Beneath this line sits some data. Return only its lines from the one holding "Hama Negative File" through the one holding "Presse_Cobuger_Tageblatt", inclusive, exactly, with the images removed.

■ **DATASET CONTENT**:
· · · · · · ·

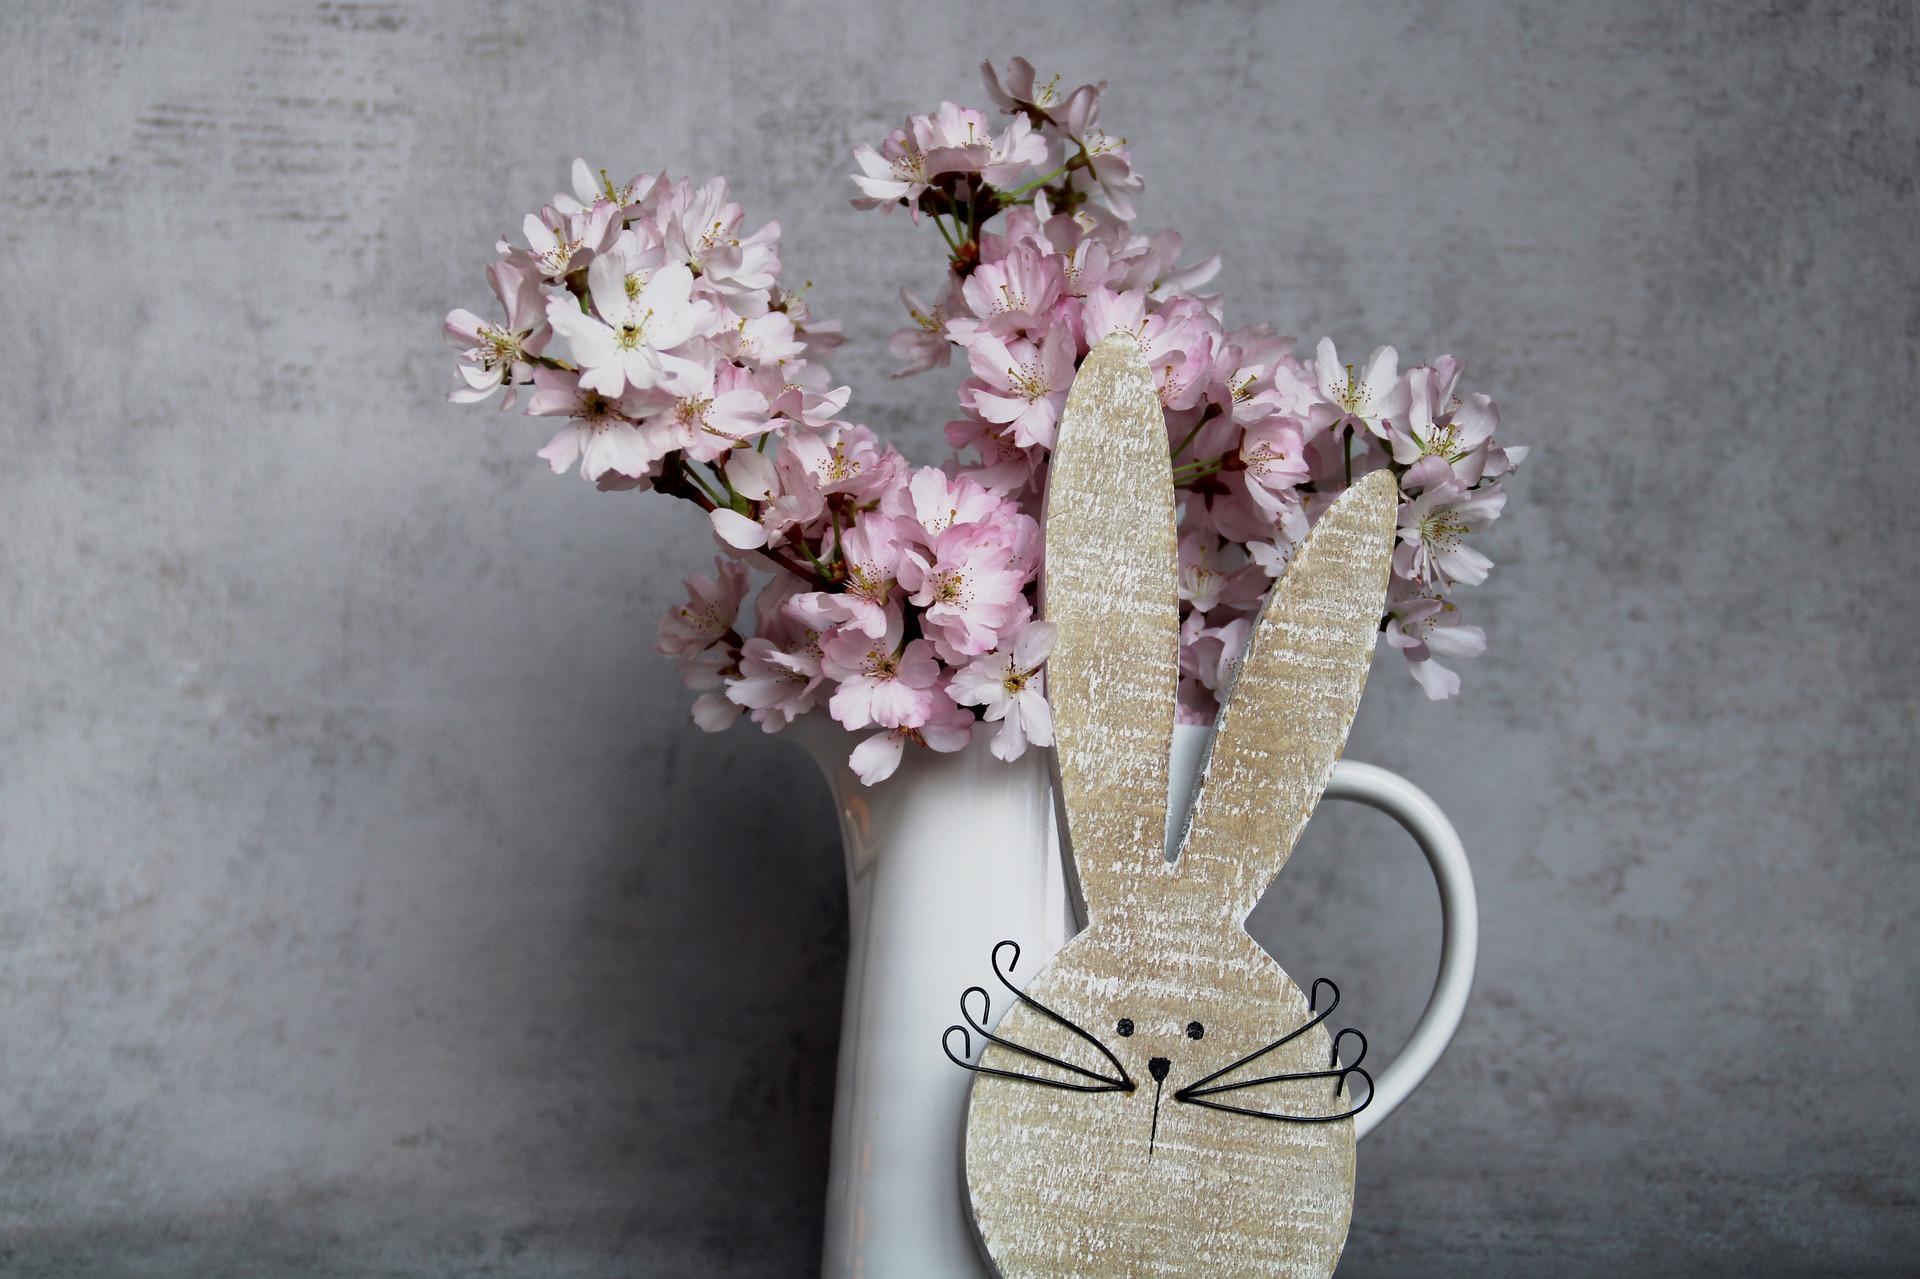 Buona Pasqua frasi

· · · · · · ·

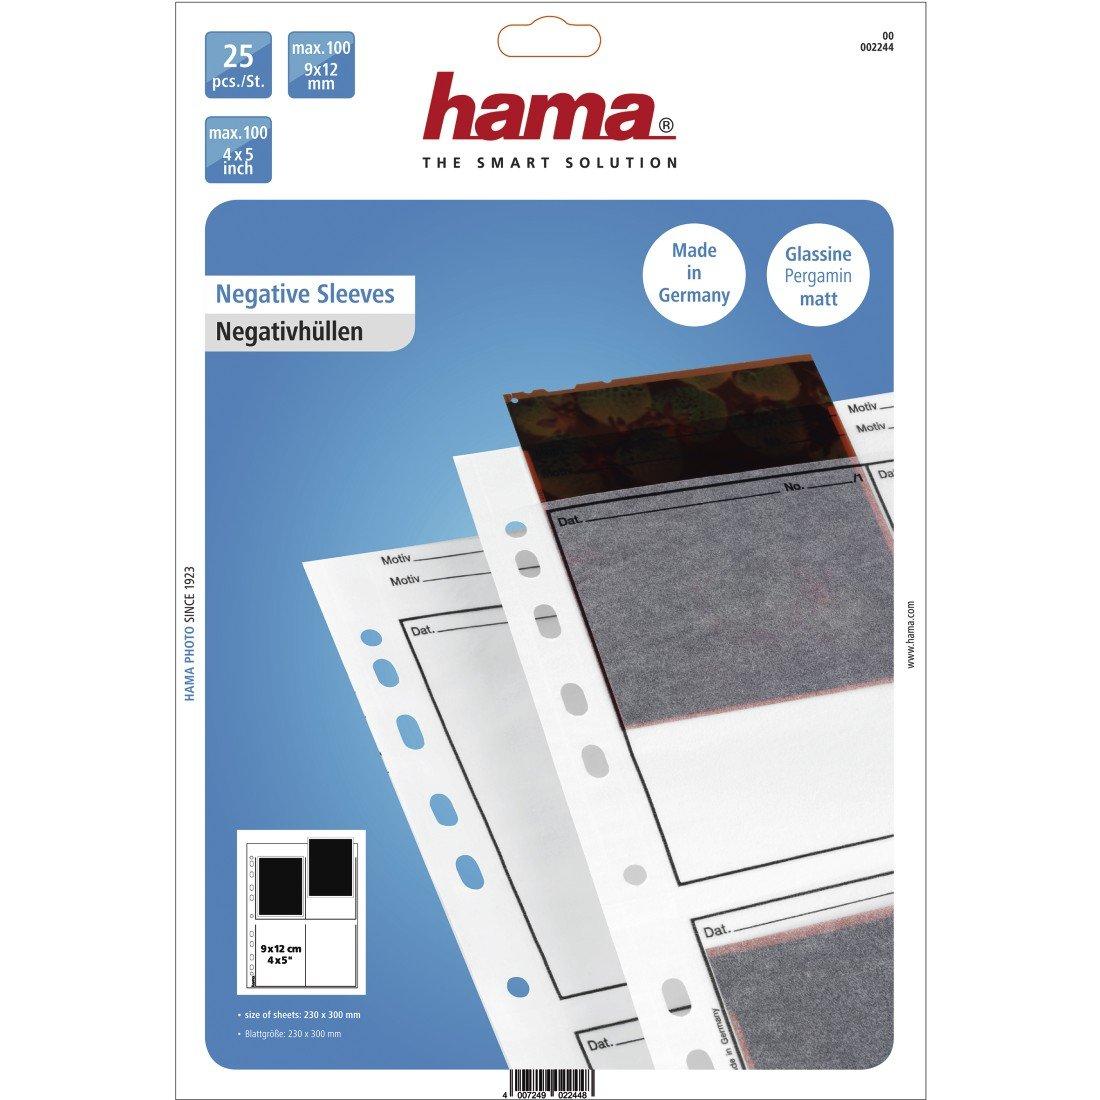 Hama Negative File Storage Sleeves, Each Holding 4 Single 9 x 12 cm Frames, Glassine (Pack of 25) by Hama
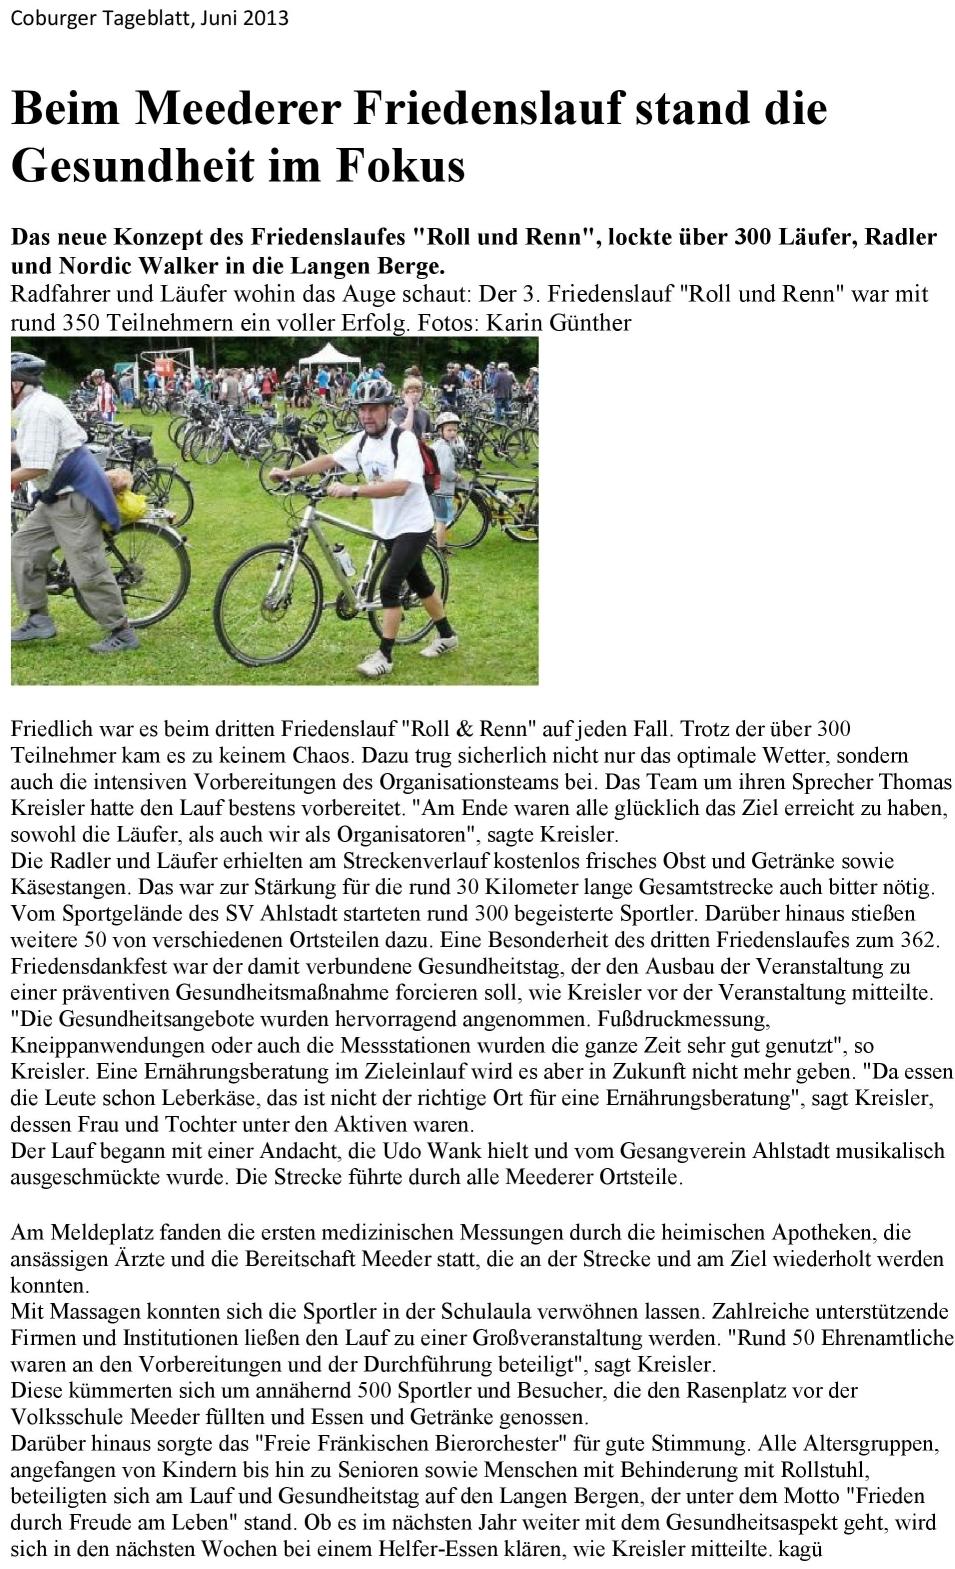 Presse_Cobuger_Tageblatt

· · · · · · ·

■ **RESULT OF THIS TASK**:
 Hama Negative File Storage Sleeves, Each Holding 4 Single 9 x 12 cm Frames, Glassine (Pack of 25) by Hama
 Presse_Cobuger_Tageblatt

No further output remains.